Records drawn from a dataset

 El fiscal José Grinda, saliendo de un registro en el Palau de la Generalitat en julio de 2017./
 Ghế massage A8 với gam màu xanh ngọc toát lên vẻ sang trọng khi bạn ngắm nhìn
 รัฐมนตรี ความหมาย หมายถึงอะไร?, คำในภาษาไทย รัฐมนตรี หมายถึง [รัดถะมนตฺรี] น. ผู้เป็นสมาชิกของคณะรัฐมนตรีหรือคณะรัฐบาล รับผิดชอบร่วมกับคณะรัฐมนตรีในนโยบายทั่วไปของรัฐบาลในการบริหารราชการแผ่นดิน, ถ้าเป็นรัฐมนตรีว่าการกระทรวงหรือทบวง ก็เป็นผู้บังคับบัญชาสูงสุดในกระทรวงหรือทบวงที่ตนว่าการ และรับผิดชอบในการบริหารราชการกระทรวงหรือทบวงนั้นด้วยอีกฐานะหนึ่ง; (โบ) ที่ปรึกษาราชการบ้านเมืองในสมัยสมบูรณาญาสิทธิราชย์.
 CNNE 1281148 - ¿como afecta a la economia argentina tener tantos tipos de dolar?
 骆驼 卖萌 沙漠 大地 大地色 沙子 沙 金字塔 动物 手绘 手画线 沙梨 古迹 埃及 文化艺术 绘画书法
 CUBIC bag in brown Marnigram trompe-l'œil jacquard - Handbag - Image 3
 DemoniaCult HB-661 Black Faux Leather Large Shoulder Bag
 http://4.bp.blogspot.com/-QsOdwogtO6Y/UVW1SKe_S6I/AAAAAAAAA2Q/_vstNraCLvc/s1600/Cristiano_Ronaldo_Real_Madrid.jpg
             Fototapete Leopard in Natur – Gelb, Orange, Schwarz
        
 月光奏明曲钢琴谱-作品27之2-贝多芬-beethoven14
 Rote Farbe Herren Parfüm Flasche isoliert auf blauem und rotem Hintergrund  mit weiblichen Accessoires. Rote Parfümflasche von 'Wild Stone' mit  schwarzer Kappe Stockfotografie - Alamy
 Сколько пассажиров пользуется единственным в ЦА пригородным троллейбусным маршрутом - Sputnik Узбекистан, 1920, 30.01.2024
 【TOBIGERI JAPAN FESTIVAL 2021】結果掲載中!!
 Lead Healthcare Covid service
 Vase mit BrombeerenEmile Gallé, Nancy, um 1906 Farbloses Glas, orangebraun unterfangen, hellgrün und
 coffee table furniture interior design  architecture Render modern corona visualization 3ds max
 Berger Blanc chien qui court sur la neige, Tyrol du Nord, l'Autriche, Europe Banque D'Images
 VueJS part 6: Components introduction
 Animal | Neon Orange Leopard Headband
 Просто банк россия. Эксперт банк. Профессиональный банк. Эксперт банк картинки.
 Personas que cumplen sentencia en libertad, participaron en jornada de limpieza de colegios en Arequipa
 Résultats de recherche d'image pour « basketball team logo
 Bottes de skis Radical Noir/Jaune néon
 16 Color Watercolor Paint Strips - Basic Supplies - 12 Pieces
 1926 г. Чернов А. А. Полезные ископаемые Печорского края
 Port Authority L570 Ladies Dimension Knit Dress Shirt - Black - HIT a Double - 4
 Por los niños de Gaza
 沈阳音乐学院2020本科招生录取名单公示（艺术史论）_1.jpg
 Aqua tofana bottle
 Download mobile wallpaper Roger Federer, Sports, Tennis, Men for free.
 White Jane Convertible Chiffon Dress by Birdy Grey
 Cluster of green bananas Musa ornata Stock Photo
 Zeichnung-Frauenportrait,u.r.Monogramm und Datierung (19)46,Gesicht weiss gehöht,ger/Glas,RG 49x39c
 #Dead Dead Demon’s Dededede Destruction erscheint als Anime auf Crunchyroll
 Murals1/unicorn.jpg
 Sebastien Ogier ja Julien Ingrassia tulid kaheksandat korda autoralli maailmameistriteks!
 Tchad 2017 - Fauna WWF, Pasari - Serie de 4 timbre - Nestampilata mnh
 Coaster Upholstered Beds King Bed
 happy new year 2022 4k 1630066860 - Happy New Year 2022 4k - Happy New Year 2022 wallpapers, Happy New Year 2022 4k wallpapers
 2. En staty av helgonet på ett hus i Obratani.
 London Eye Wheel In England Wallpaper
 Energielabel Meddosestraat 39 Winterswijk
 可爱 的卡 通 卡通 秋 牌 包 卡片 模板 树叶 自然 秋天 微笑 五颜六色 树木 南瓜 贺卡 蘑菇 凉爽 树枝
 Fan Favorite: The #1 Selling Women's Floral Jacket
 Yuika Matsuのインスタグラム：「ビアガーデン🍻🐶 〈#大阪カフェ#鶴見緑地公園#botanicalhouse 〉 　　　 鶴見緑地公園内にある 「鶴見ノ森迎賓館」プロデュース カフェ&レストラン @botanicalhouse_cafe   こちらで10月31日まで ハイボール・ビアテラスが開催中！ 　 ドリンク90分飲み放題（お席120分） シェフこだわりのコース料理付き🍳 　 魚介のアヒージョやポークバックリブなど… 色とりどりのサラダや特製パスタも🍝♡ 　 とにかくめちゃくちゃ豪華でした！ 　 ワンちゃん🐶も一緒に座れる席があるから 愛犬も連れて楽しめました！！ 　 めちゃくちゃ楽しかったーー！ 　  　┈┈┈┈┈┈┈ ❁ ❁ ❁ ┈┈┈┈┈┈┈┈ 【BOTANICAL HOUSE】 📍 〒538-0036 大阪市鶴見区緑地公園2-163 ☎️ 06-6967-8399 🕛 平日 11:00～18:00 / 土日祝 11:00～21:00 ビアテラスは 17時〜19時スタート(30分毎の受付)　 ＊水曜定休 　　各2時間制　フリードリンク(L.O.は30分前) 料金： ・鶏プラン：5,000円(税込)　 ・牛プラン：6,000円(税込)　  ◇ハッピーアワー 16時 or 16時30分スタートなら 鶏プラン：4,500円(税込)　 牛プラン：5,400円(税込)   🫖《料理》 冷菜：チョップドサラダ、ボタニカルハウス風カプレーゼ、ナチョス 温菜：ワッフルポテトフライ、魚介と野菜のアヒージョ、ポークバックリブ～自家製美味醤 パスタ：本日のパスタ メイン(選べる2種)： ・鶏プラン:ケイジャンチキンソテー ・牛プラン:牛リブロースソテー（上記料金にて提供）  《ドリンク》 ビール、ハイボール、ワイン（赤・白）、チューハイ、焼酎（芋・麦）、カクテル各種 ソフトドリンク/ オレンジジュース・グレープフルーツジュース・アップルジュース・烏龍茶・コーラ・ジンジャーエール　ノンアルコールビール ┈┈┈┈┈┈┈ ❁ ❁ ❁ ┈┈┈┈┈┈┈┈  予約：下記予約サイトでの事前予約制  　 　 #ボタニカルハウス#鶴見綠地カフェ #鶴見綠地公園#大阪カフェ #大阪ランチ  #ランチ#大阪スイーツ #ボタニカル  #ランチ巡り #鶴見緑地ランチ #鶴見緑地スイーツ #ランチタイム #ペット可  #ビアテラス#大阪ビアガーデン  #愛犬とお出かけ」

Prompt: Throughout the data above, find each line that includes the string "Leopard"; state only how many there are.

Your solution: 2